For this purpose, Retrieval-Augmented Generation (RAG) has emerged as one of the most powerful techniques, leveraging the capabilities of LLMs while reducing their hallucinations. However, evaluating the correctness of the responses generated by LLMs poses its own challenges. In this article, I explore various methods and metrics for assessing LLM responses, which I encountered while implementing DeepEval into the chat agent provided by HanaLoop.
Understanding Retrieval-Augmented Generation (RAG)
RAG systems leverage external knowledge sources to inform and enhance the responses generated by LLMs. By retrieving relevant documents from a corpus and using them as context, RAG can produce more accurate, informative, and contextually aware outputs. However, this added complexity necessitates robust evaluation methods to ensure the effectiveness and reliability of the responses.
The embeddings
Although we aim to use external knowledge sources to enhance our responses, LLMs (Large Language Models) fundamentally operate with numerical data rather than raw text. So, what happens under the hood? When we input text (or receive a response), the LLM converts each word in the text into a numerical vector, known as an embedding.
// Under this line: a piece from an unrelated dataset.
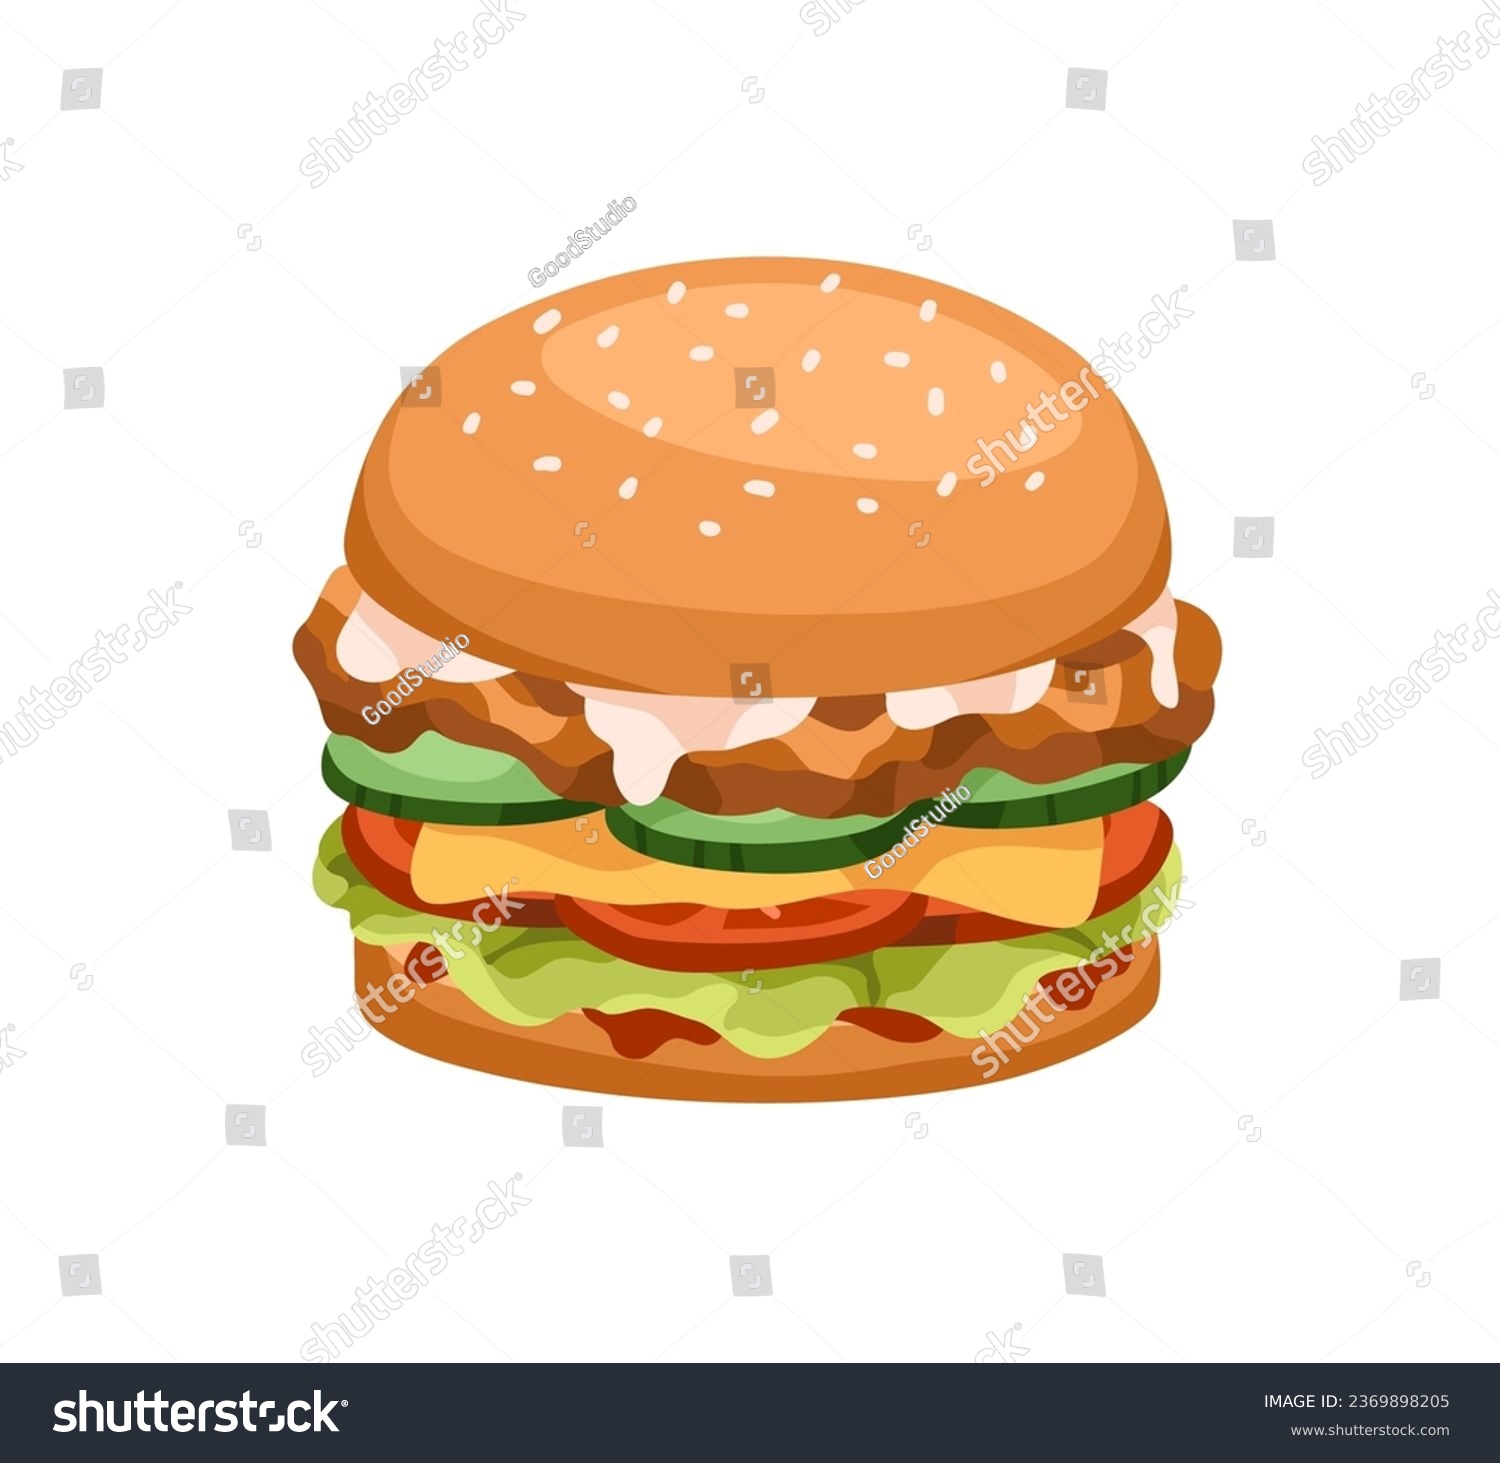 SVG of Burger with chicken cutlet, vegetables and cheese filling. American fast food. Sandwich with meat, bacon, cheddar, lettuce. Snack between buns. Flat vector illustration isolated on white background svg

These embeddings are the form in which LLMs process and understand text.
To determine which information stored in our database is relevant to a given question, we must first convert that information into embeddings. This is achieved by using OpenAI's embeddings endpoint, where we submit any text and receive its corresponding embedding, which is then stored in our database.
When a user makes an inquiry, we convert this inquiry into an embedding and then calculate the distance between this embedding and those stored in our database to identify the most relevant information.
The retrieved information is then converted back into text and provided as context to our LLM, along with the user's inquiry. Using OpenAI's completion endpoint, the LLM generates a response that incorporates the relevant information we retrieved earlier.
Why choose DeepEval
There are several interesting frameworks that allow us to evaluate LLM responses. Among those considered for this project were Chainforge, Ragas, Autoevals, and DeepEval. Furthermore, we could also implement our own framework to evaluate LLM responses.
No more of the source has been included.